━━━ Dataset content
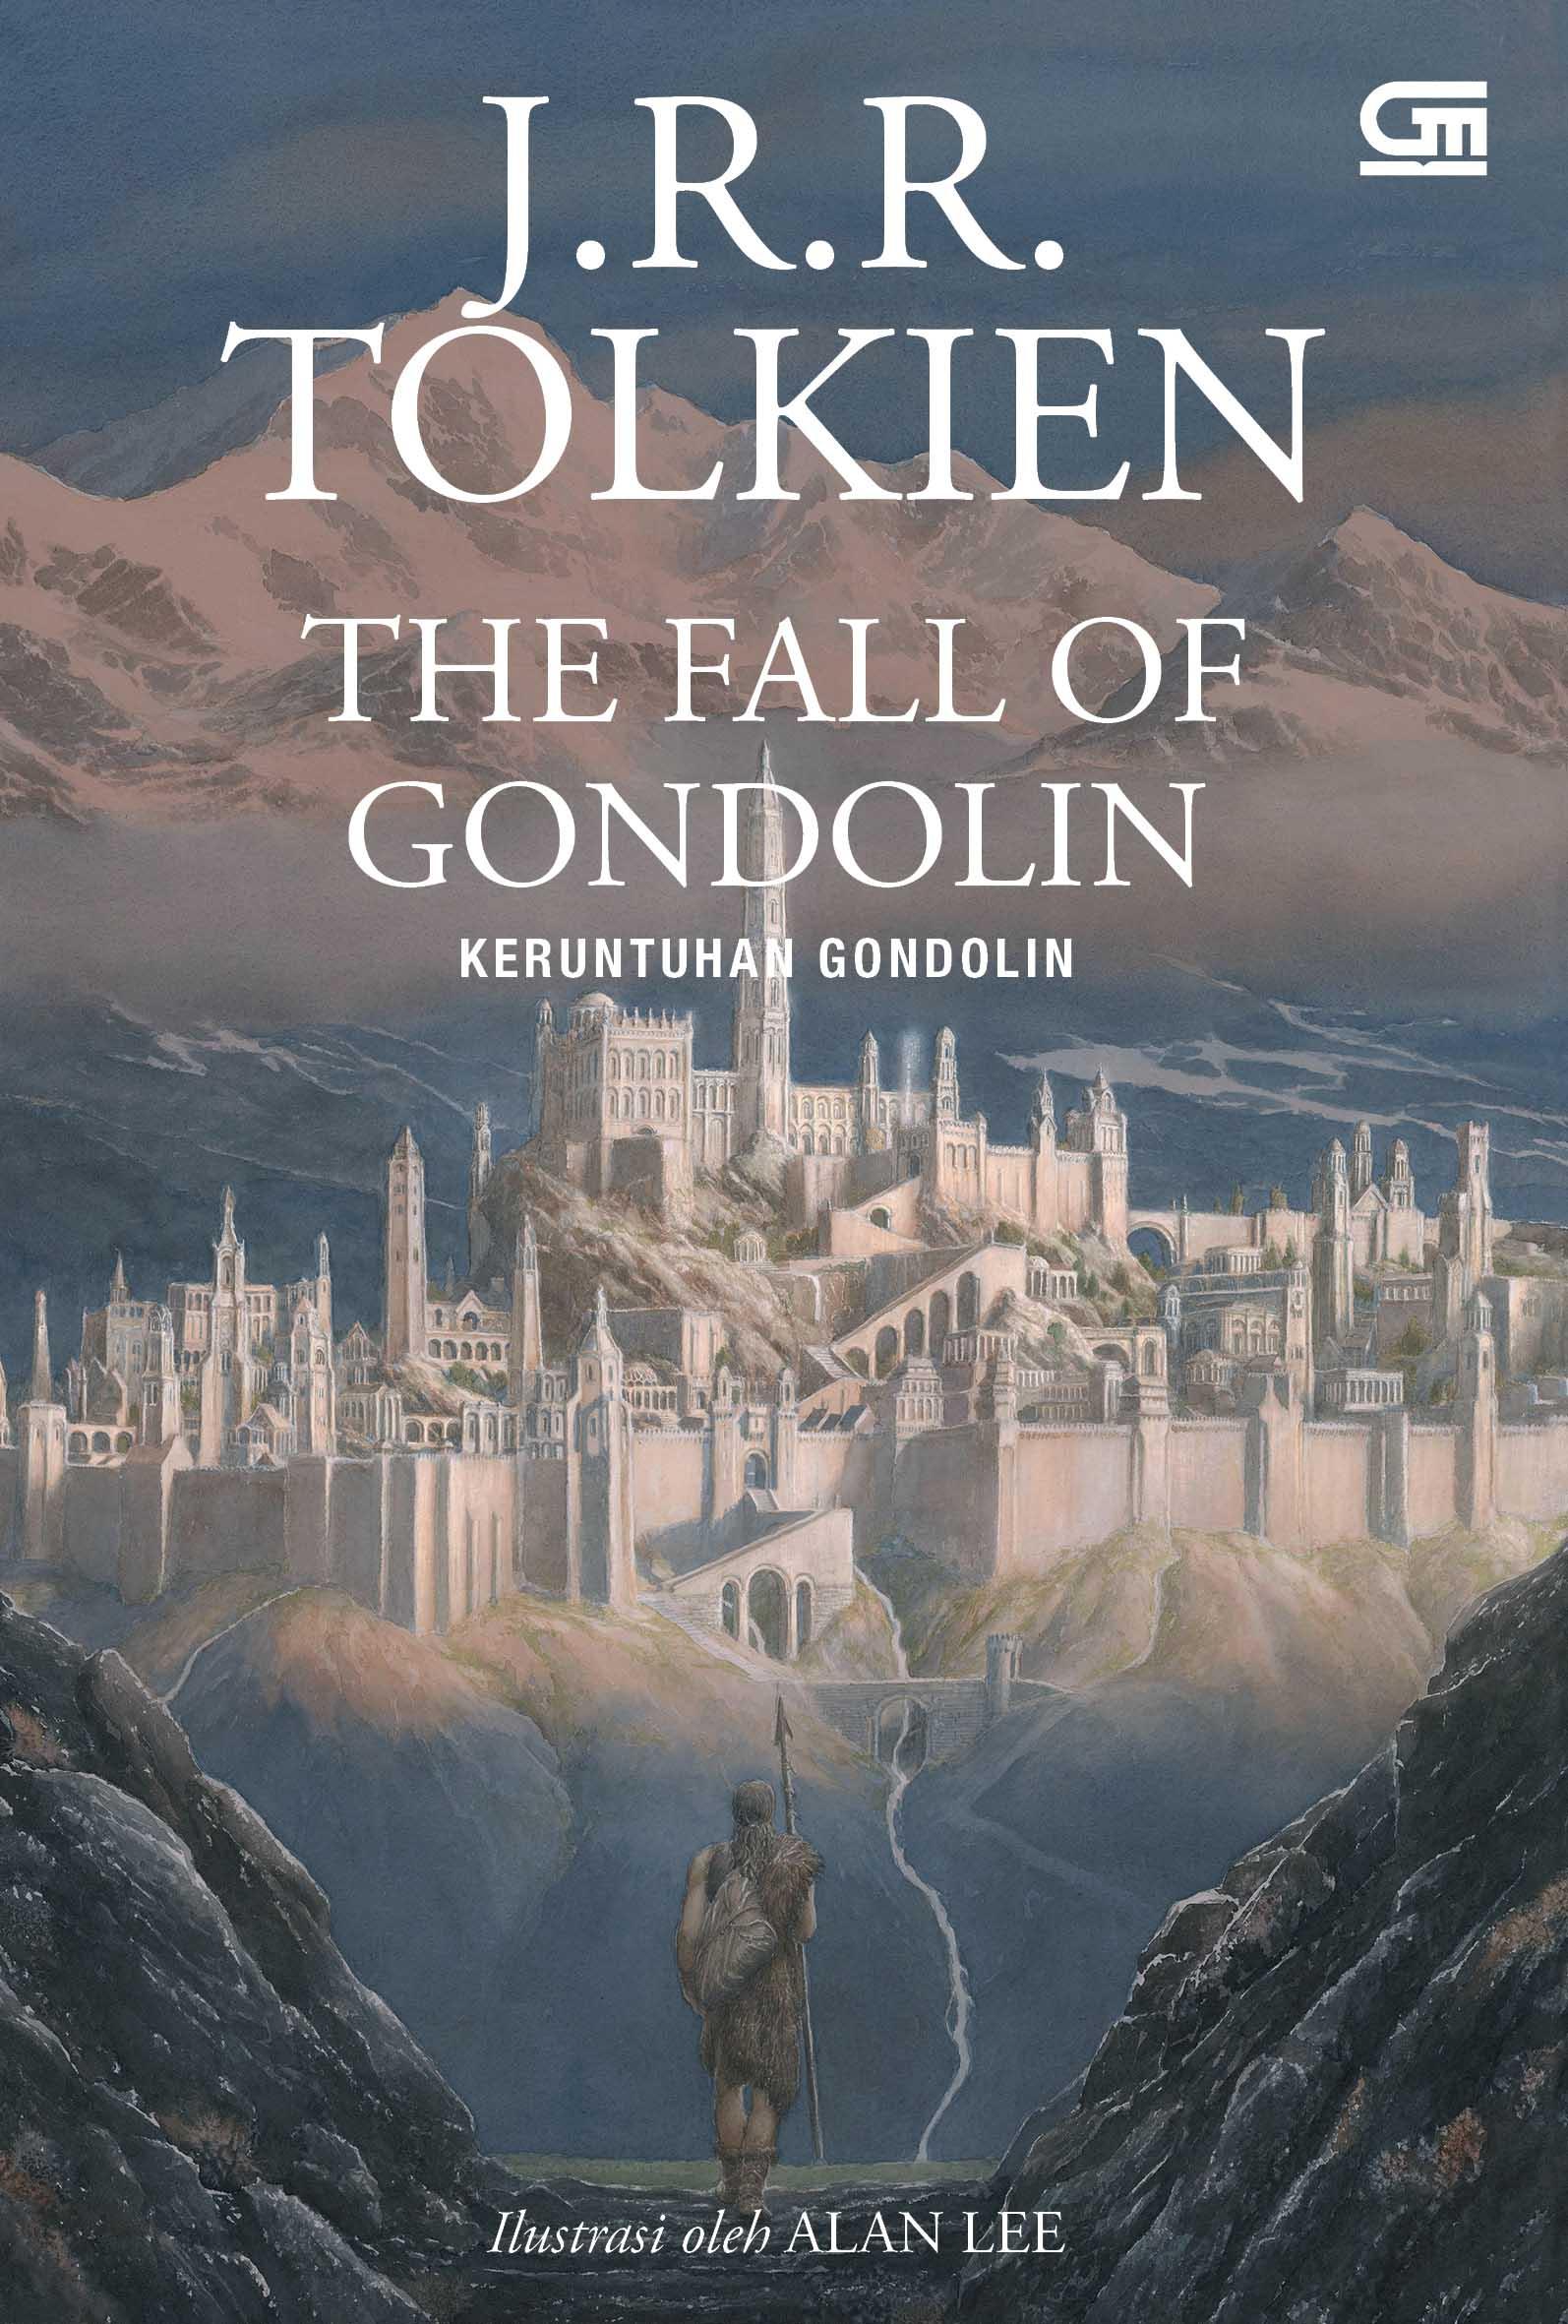 Keruntuhan Gondolin (The Fall of Gondolin)
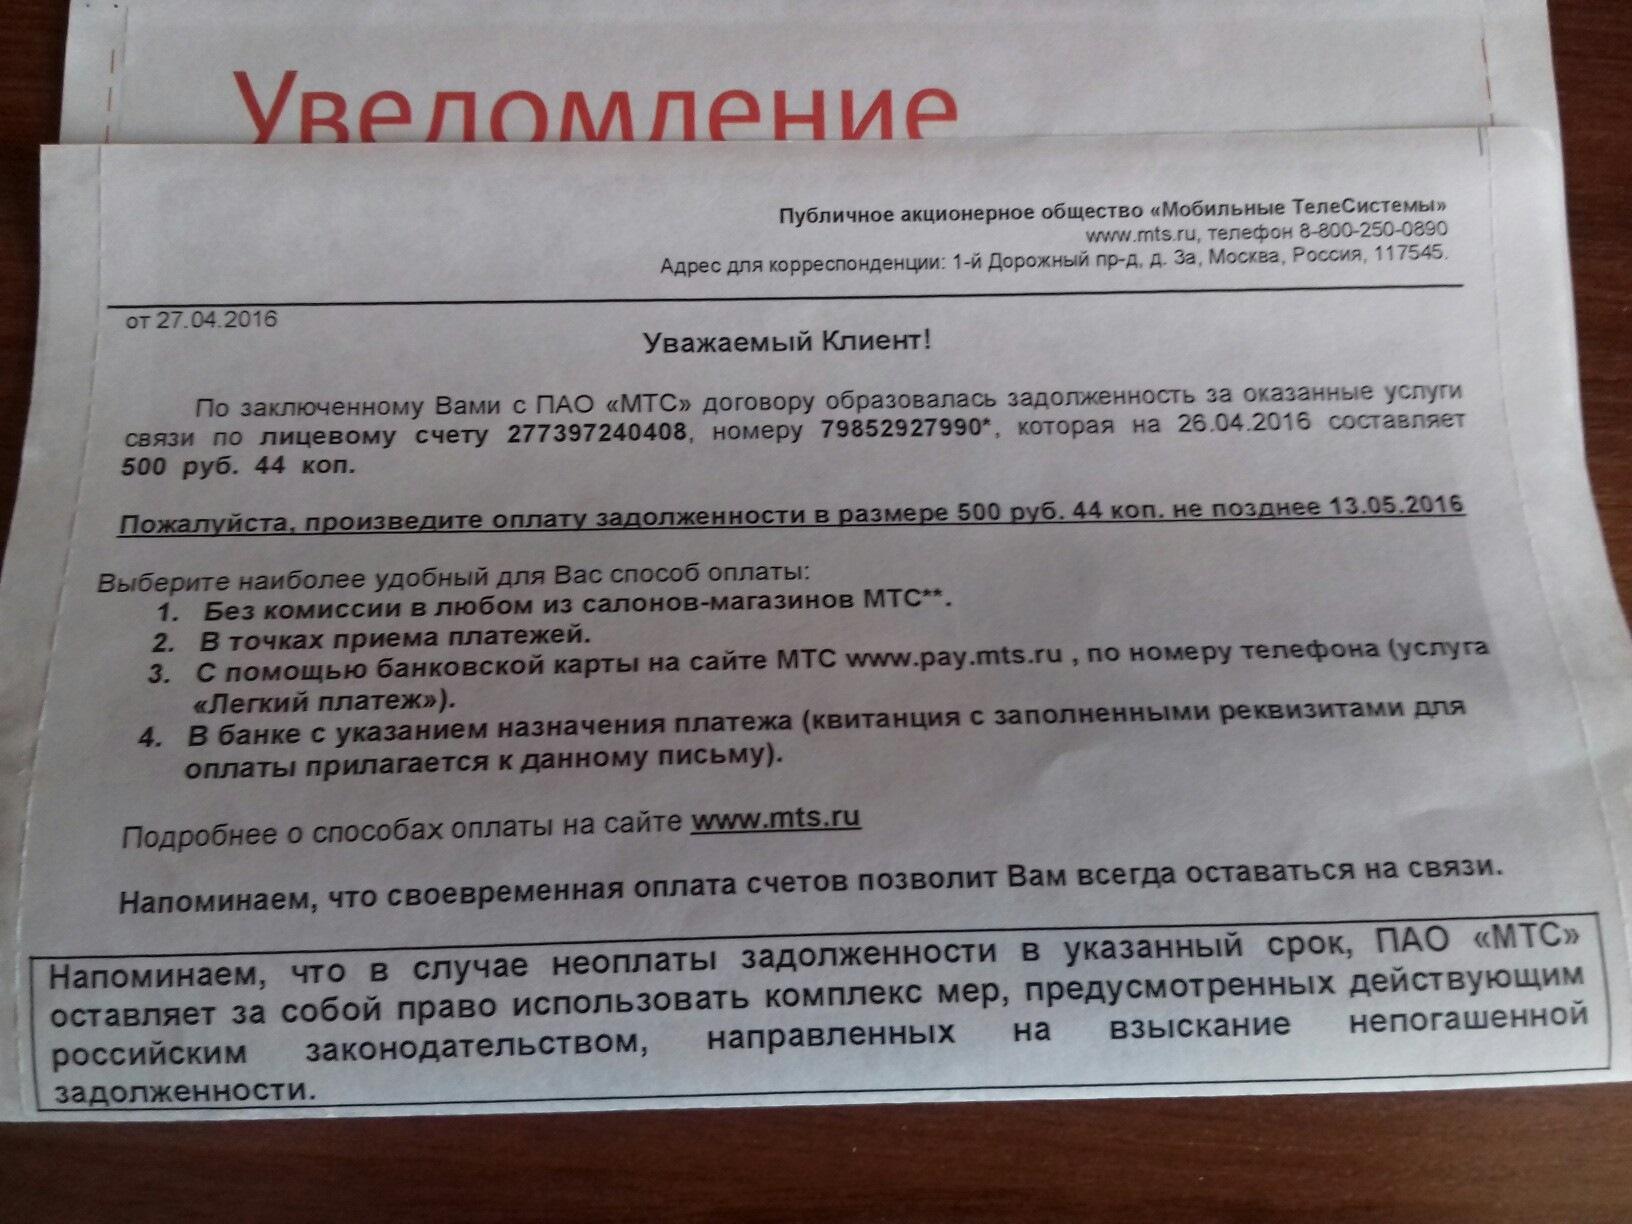 Письмо о возврате целевых пожертвований
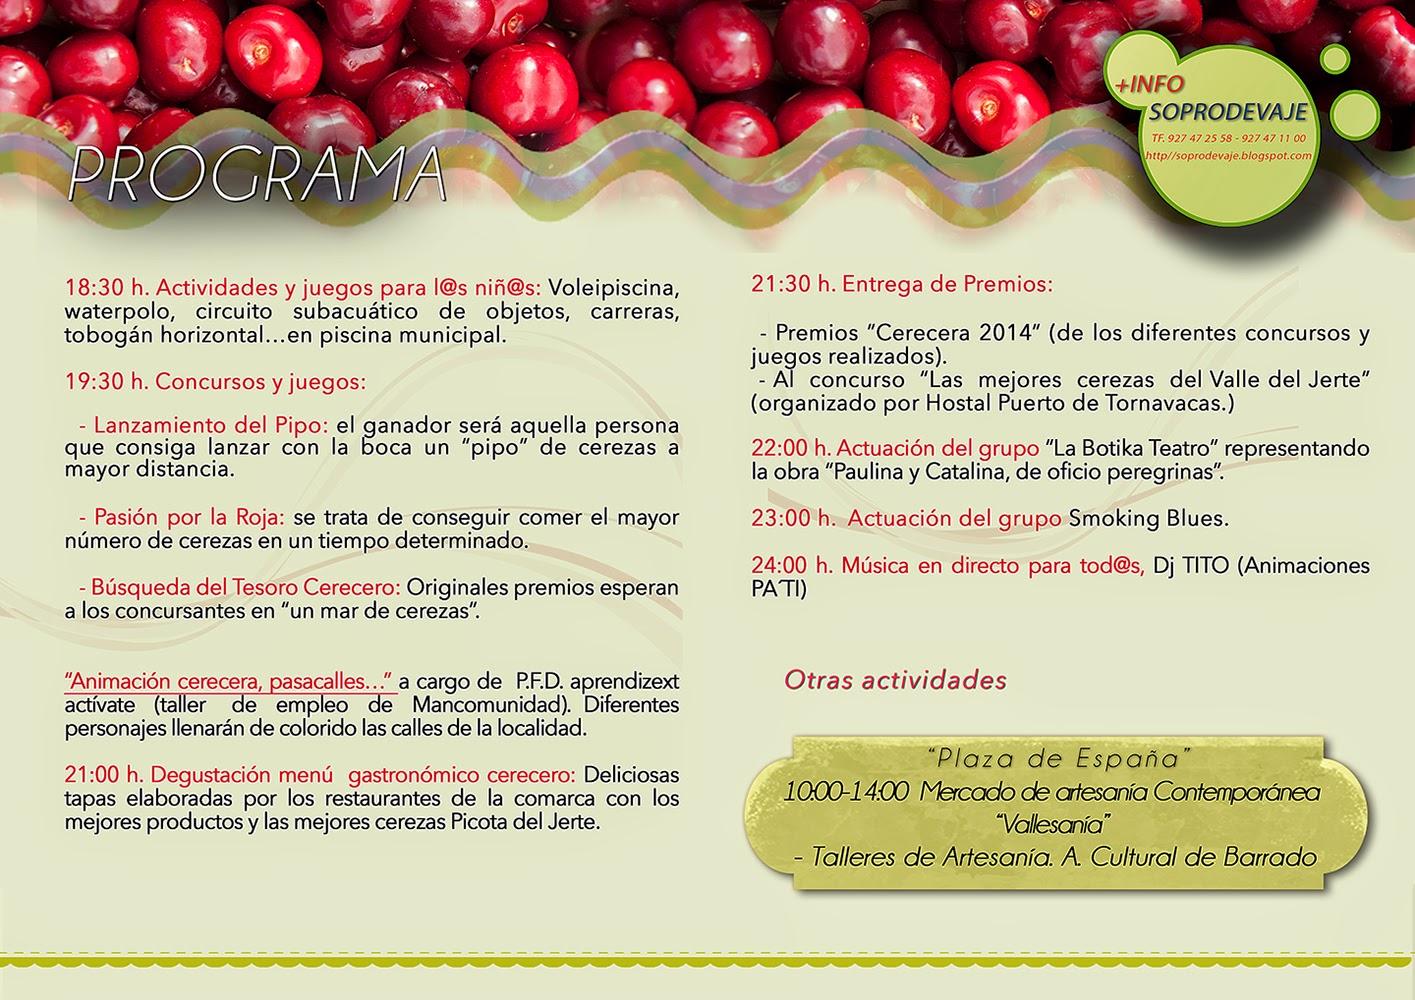 Programa Convivencia Cerecera 2014. Valle del Jerte
━━━━━━
_Problem to work on:_ Repeat every line of the data exactly, but do not include pictures.

_Reply to the exercise:_
 Keruntuhan Gondolin (The Fall of Gondolin)
 Письмо о возврате целевых пожертвований
 Programa Convivencia Cerecera 2014. Valle del Jerte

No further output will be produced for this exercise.